== Supplied material

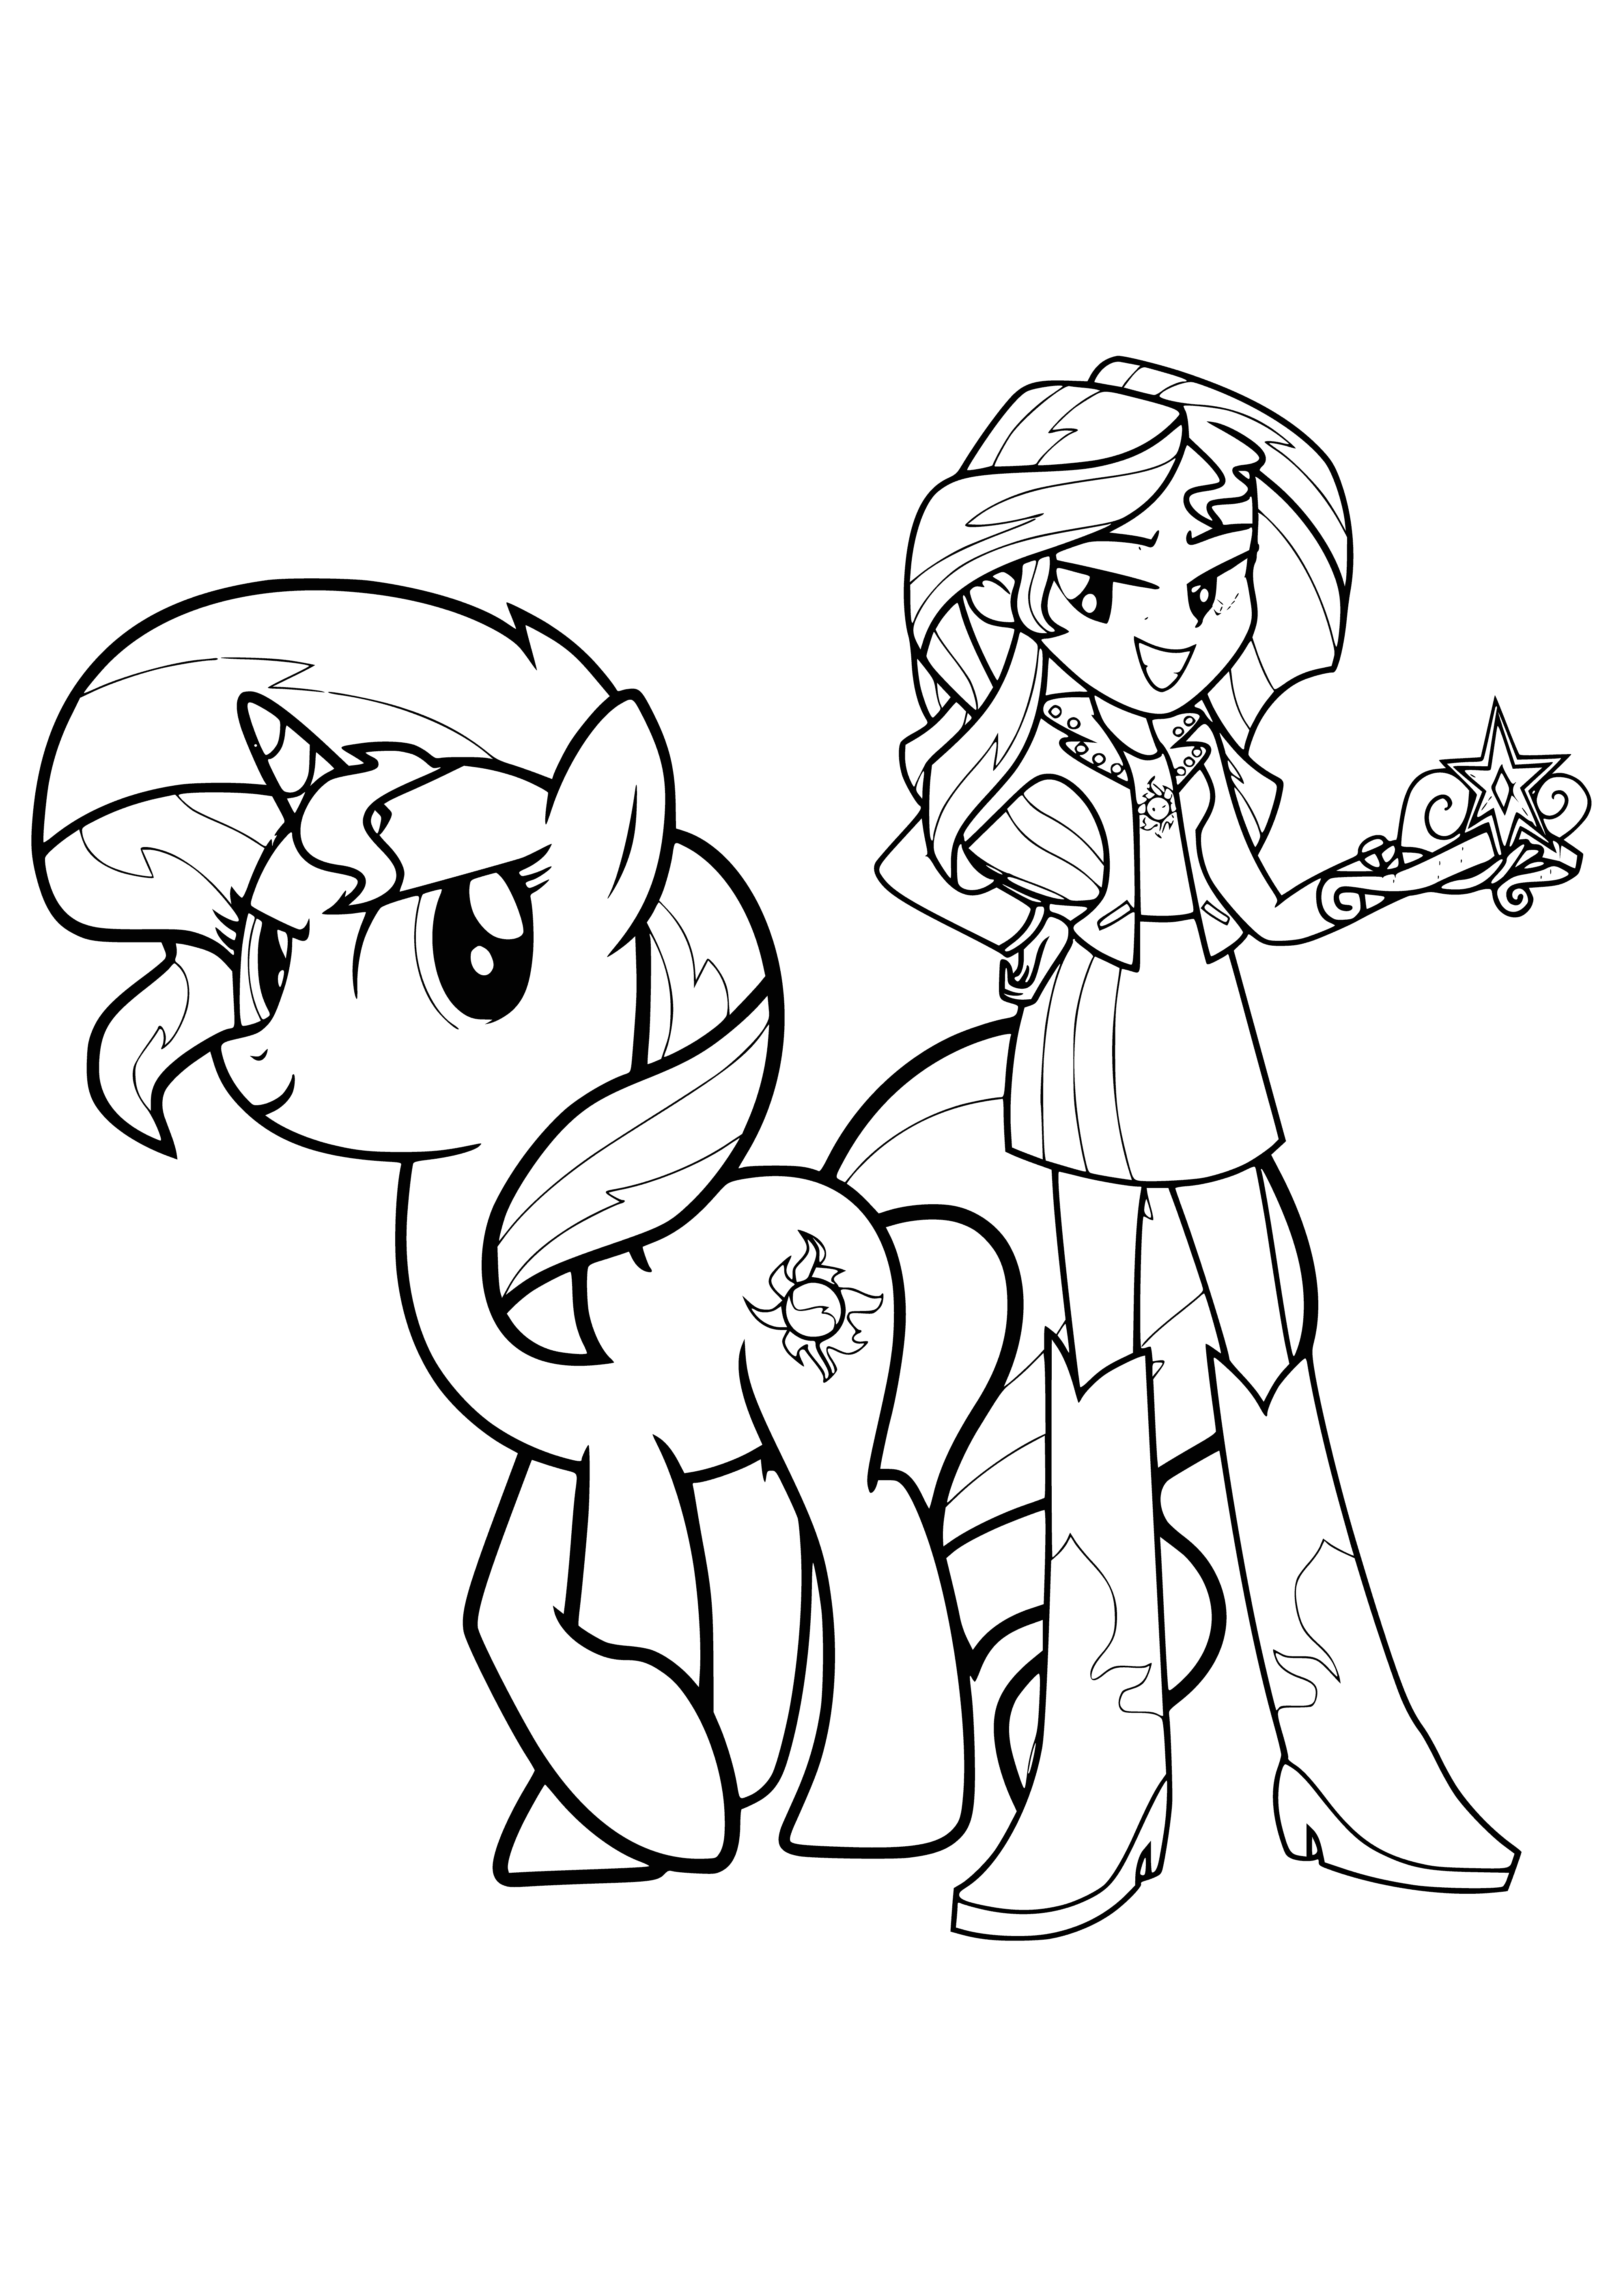 coloring page: Girl w/ long purple hair & wearing purple headband, dress & white undershirt is Sunset Shimmer. #MyLittlePony #Coloring
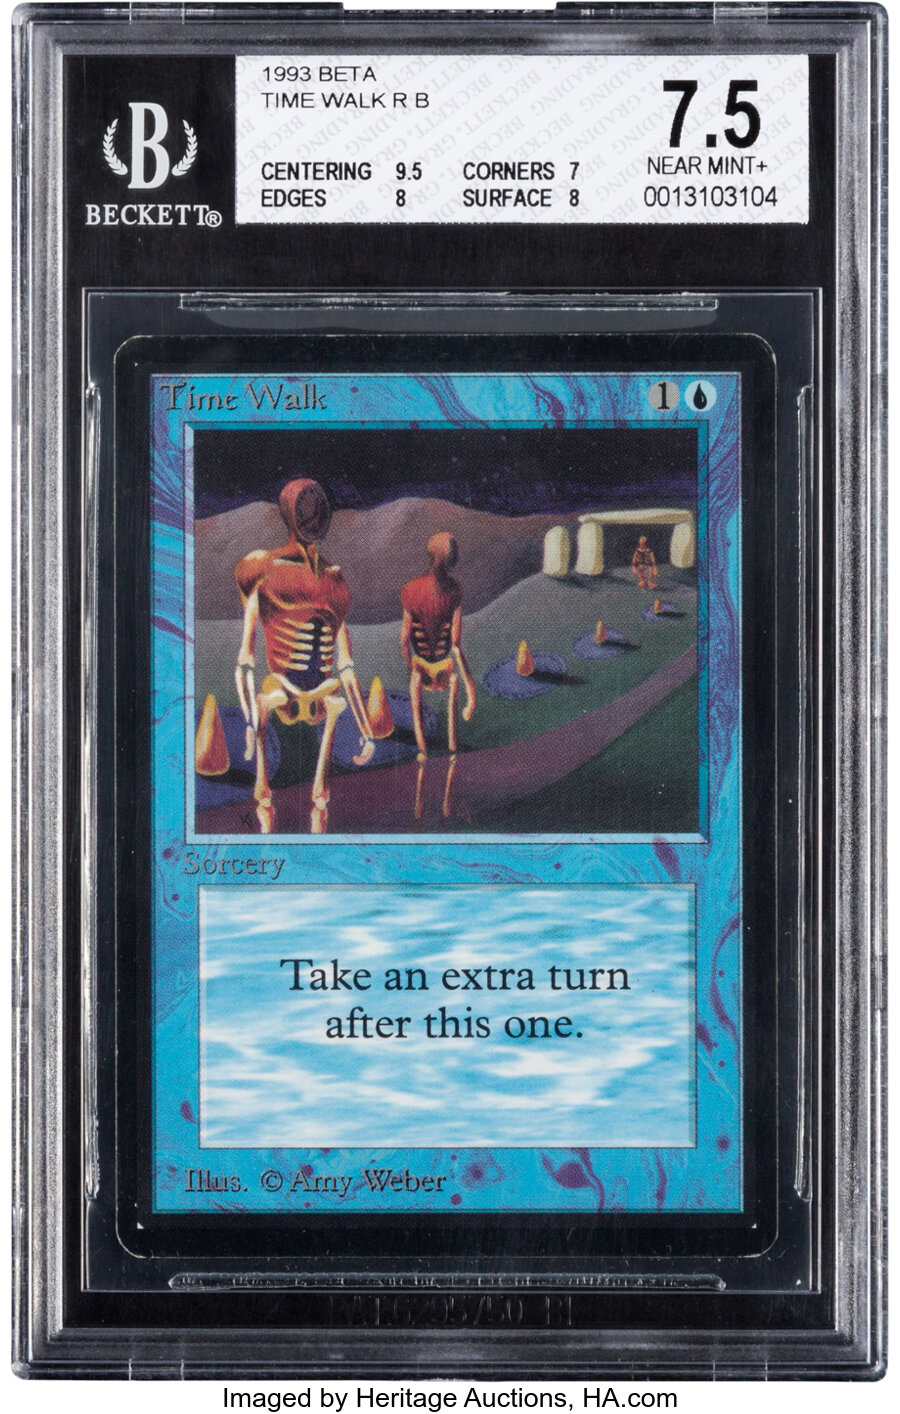 Magic: The Gathering Time Walk Beta Edition Trading Card (Wizards of the Coast, 1993) BGS NEAR MINT+ 7.5
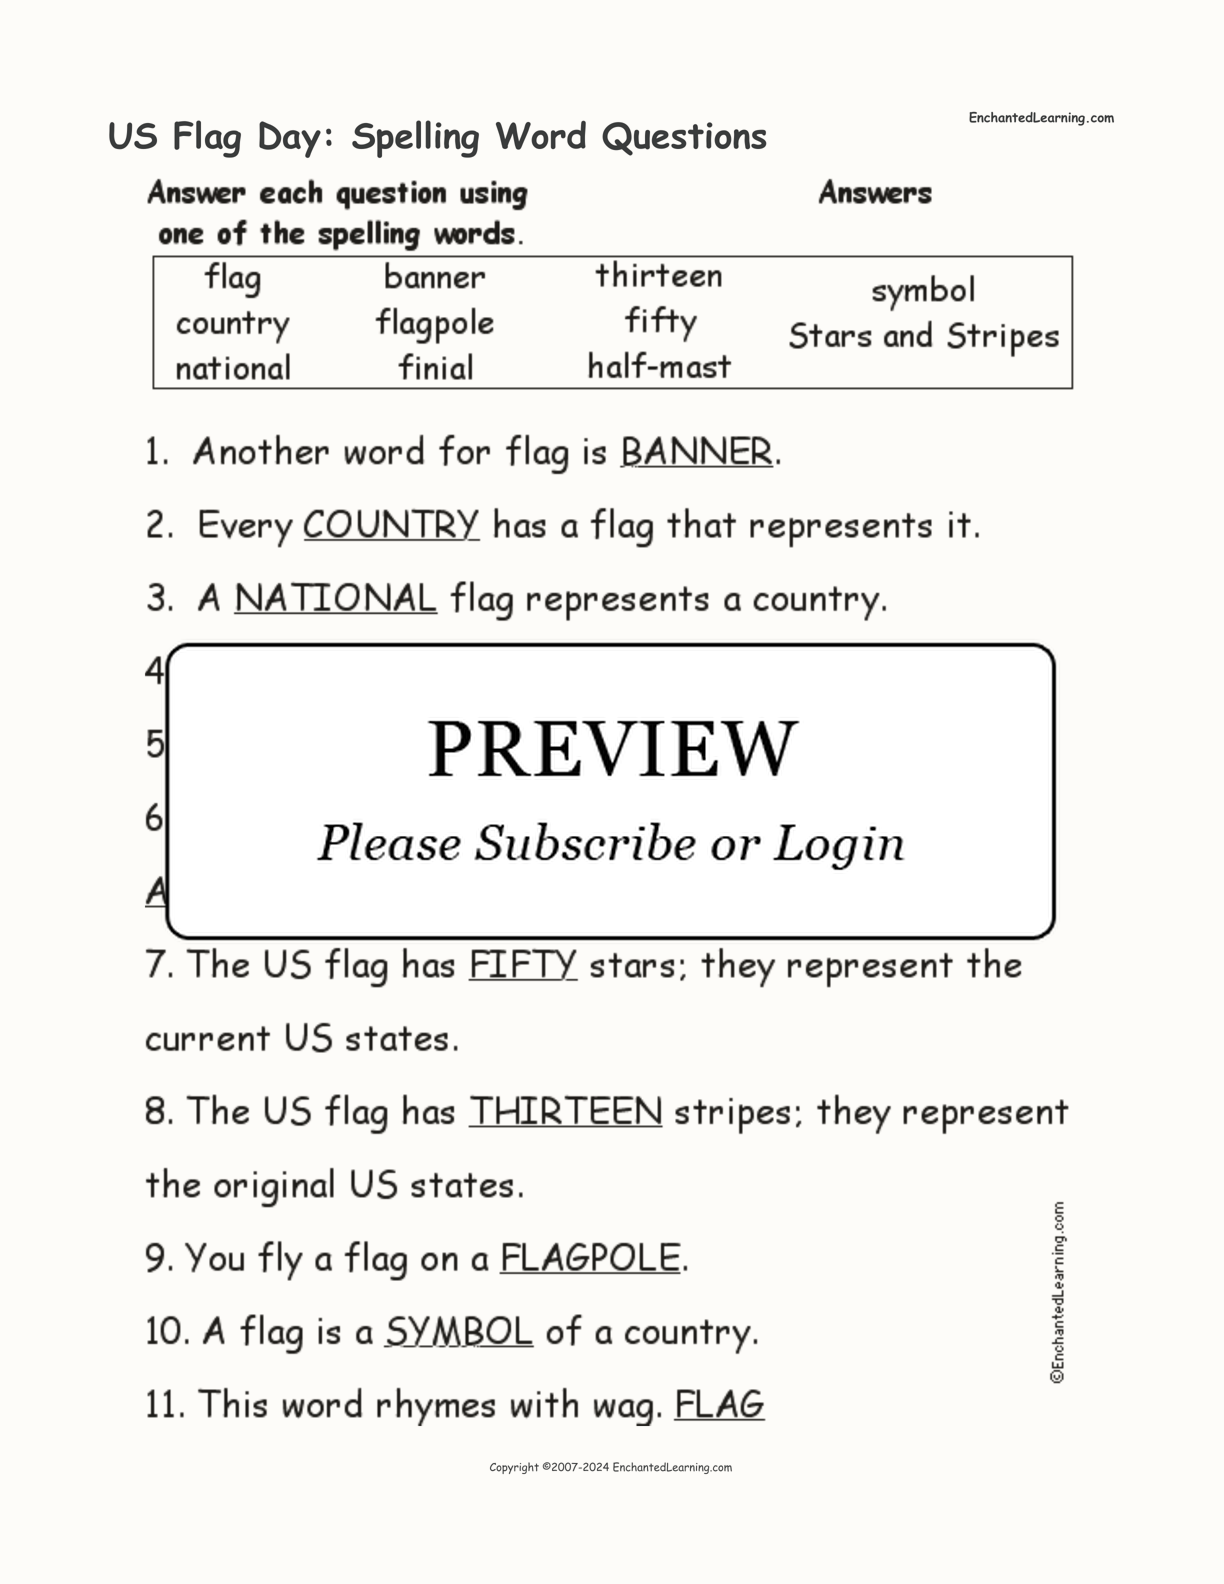 US Flag Day: Spelling Word Questions interactive worksheet page 2
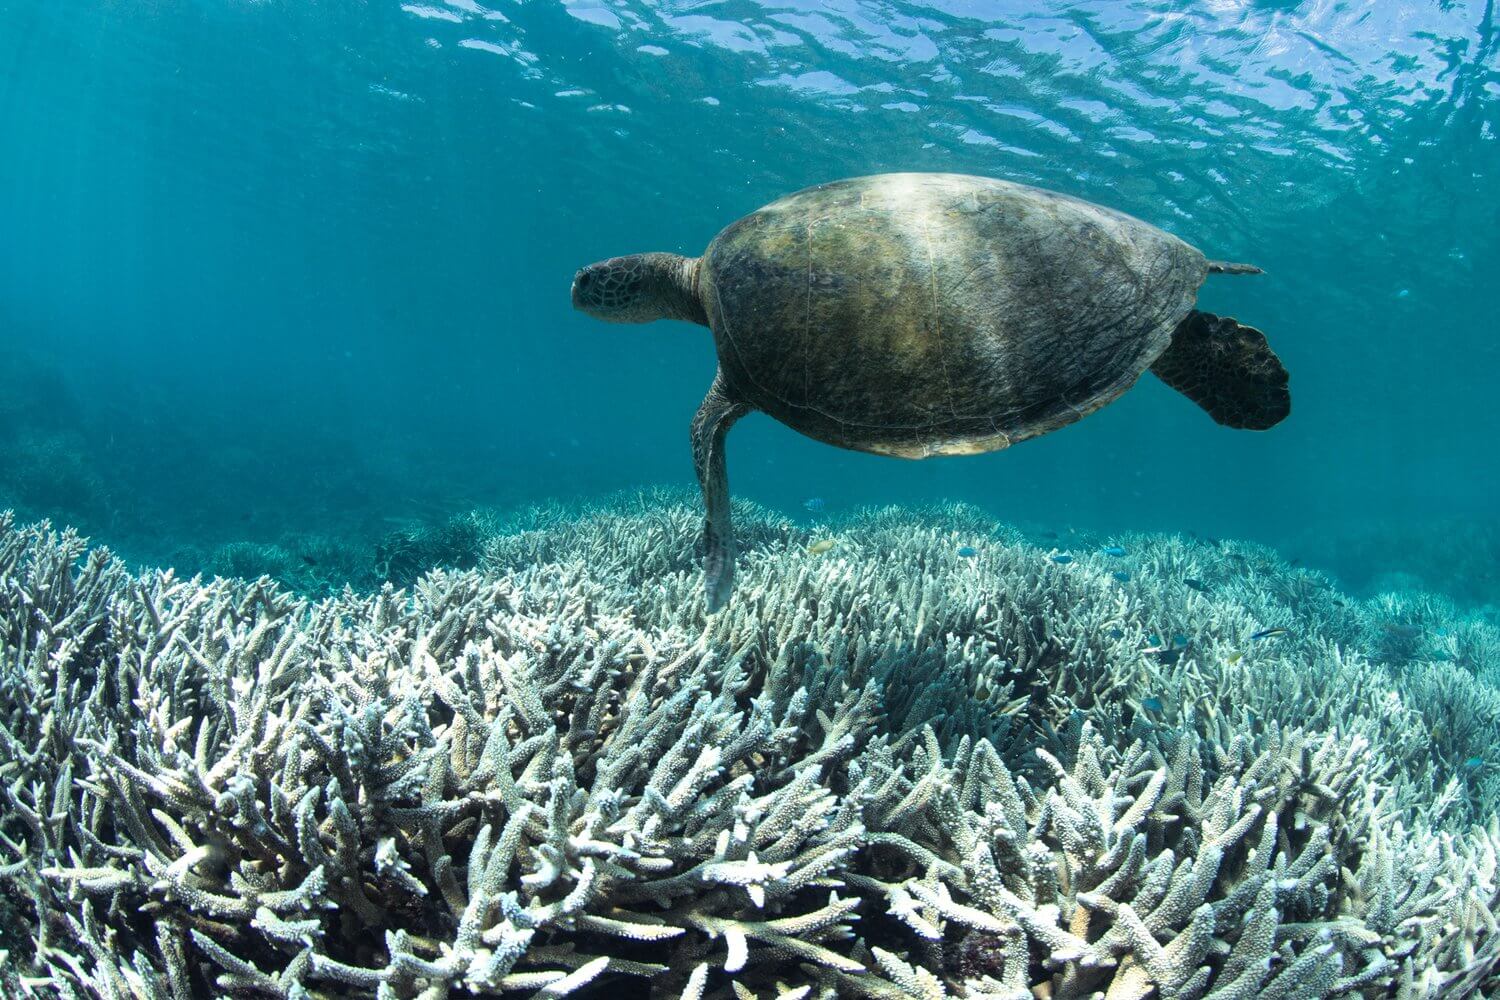 A turtle swimming over bleached coral reef.

====

**Exercise goal:**
From the first line to the last, copy the listing above exactly, dropping all images.

**Reply to the exercise:**
 coloring page: Girl w/ long purple hair & wearing purple headband, dress & white undershirt is Sunset Shimmer. #MyLittlePony #Coloring
 Magic: The Gathering Time Walk Beta Edition Trading Card (Wizards of the Coast, 1993) BGS NEAR MINT+ 7.5
 US Flag Day: Spelling Word Questions interactive worksheet page 2
 A turtle swimming over bleached coral reef.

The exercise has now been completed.